Boeing 747: The End of an Age

The Boeing 747, often referred to as the Mauve Jet, was an unusual commercial airplane for its time. The world's first plane, produced by the Queen of Heaven, boasted an upper deck, and the ability of passengers to remain unrivaled for decades.

747-100 first entered service in 1970 with, Panam now. Model-200 followed in 1971, featuring more powerful engines and higher MTOW (Max Take-Off Weight). Boeing followed the 747SP (Special Performance), which introduced a longer range, and entered service in 1976.

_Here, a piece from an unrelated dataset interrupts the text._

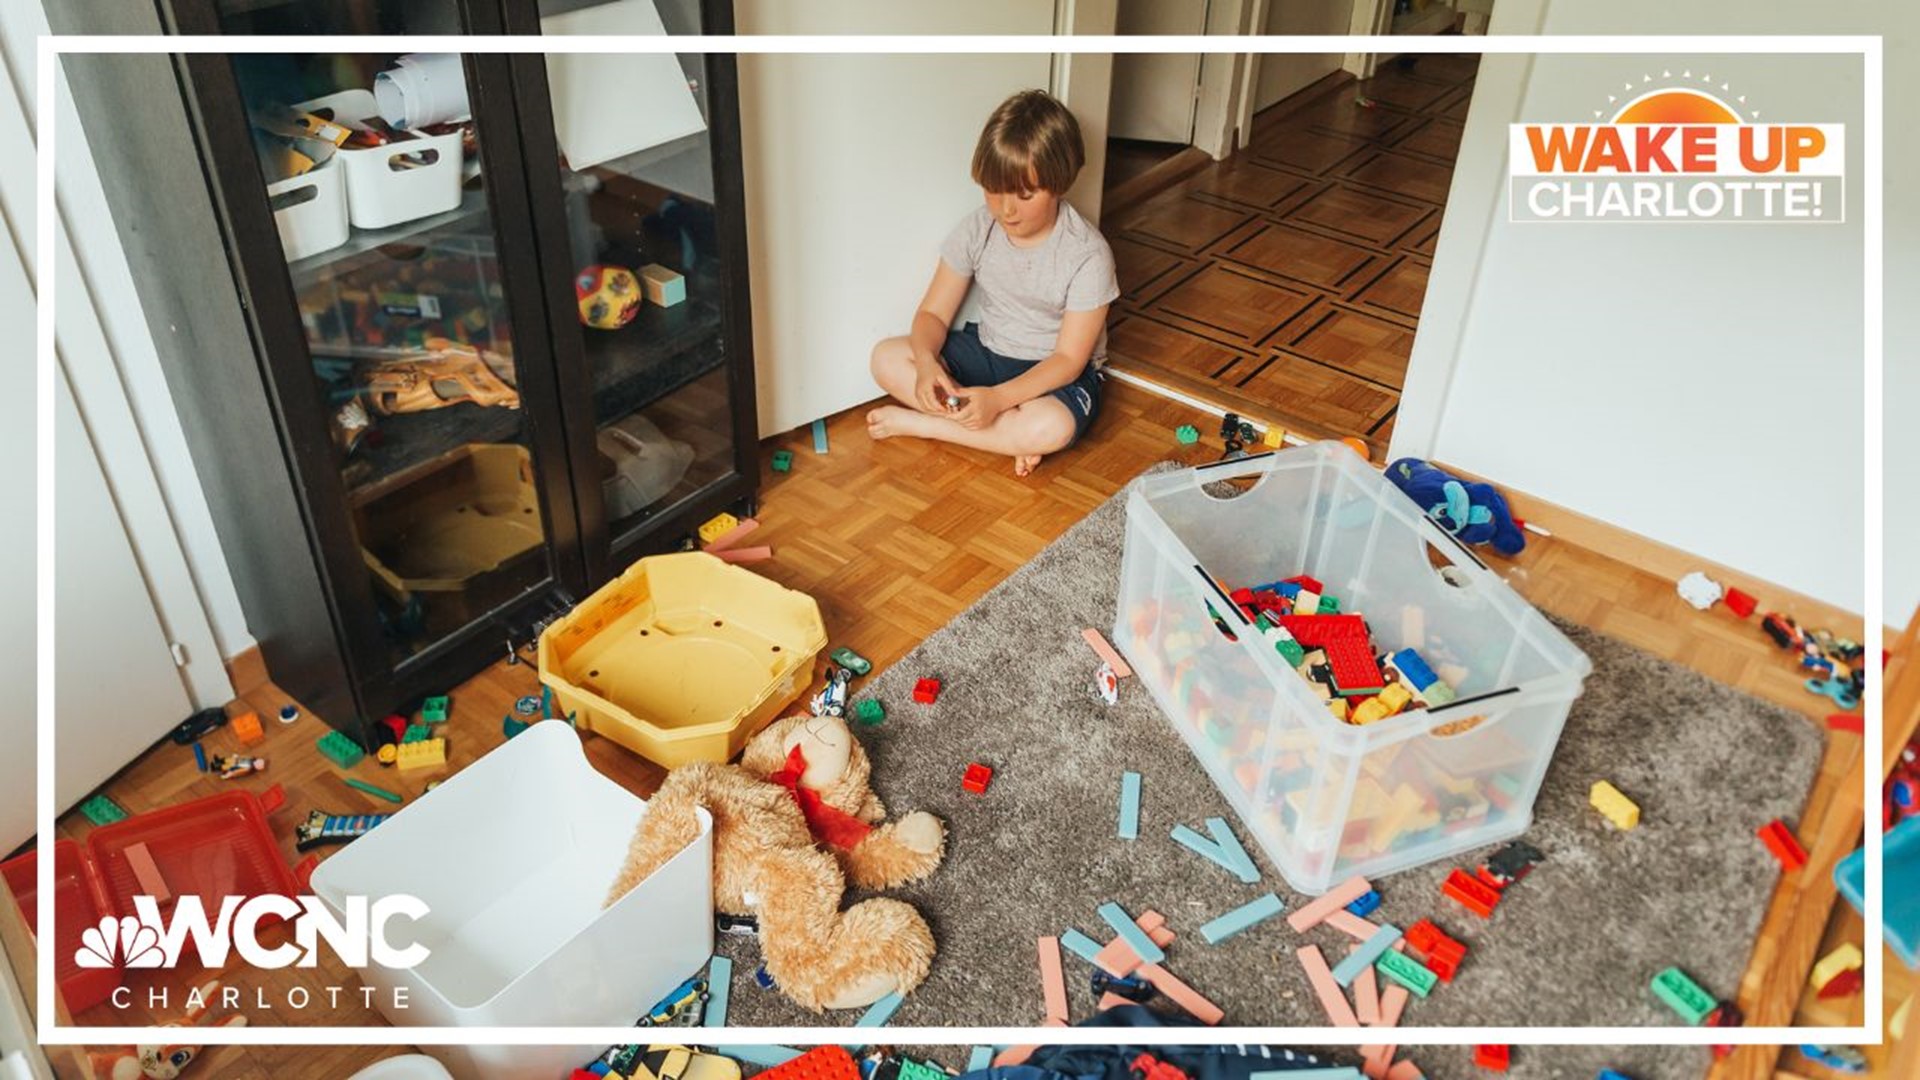 Is your house messy all the time? You're not alone. A new study found that most people only consider their house "really" clean about 11 days a year.

Boeing launched the 300 model in 1980, which directed from studies to increase the capacity of 747. 300 featured cargo bodies and the top deck stretched. This version, along with the -100, -200, and SP, were read together in the 747 "classics". It's time for a more significant upgrade. The most common version, the 747-400, came into service in 1989. This version was shown, along with the strained top deck of 300, more fuel-efficient engines, and was the first feature feature 2 crew cockpit crew, eliminating the need for flight engineer, The most common variant in the service. The 400 has a wingspan longer than the classic, and it has wing wings, which have reduced drag, and is the most common aesthetic feature used to distinguish the version from 300.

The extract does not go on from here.